┌────────

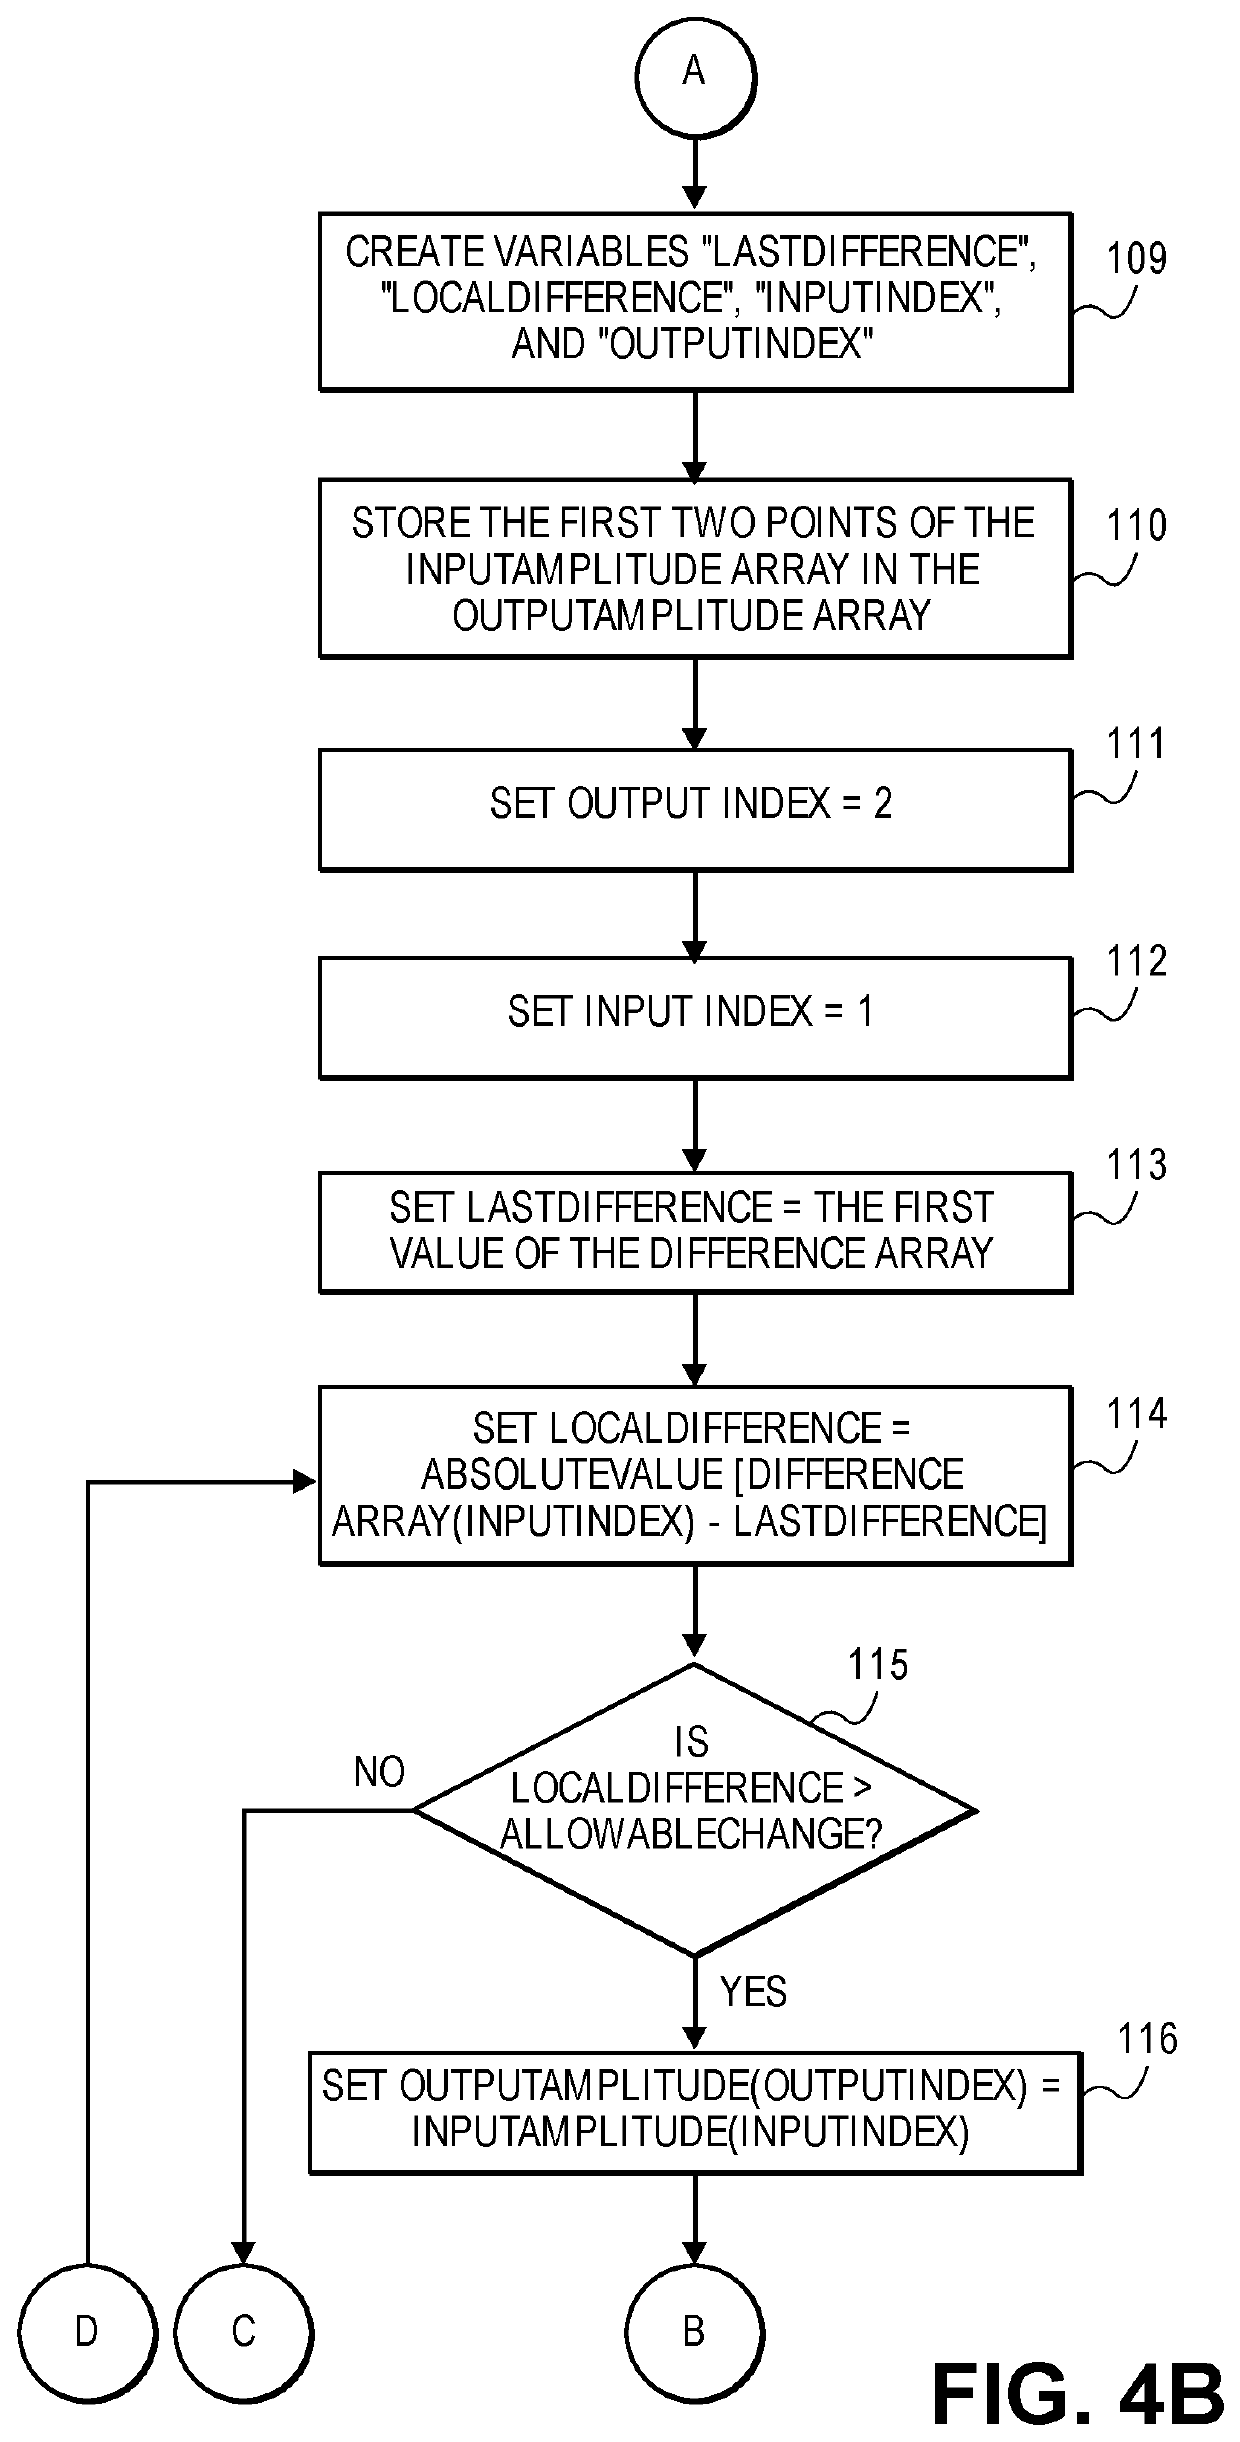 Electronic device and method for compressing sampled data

└────────
┌────────

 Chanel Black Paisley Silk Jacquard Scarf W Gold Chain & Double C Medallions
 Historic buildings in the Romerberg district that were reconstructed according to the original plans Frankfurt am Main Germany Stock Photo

└────────
┌────────

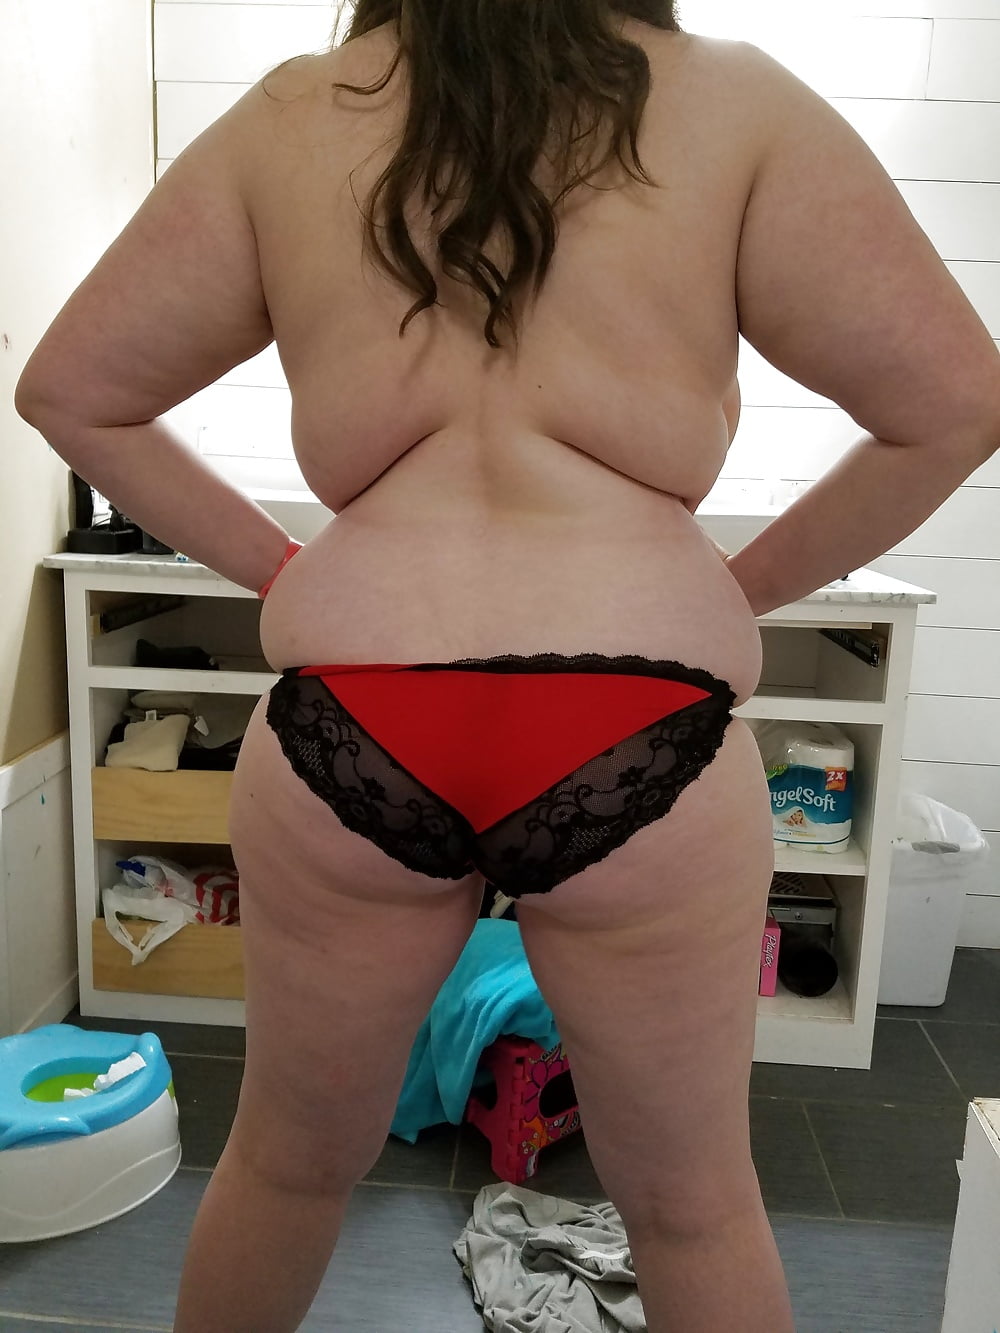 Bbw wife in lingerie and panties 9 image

└────────

> _Assigned task_
Going back over the entries above, copy word for word every line from the one that has "Chanel Black Paisley" on through the one that has "Historic buildings in".

> _Task answer_
 Chanel Black Paisley Silk Jacquard Scarf W Gold Chain & Double C Medallions
 Historic buildings in the Romerberg district that were reconstructed according to the original plans Frankfurt am Main Germany Stock Photo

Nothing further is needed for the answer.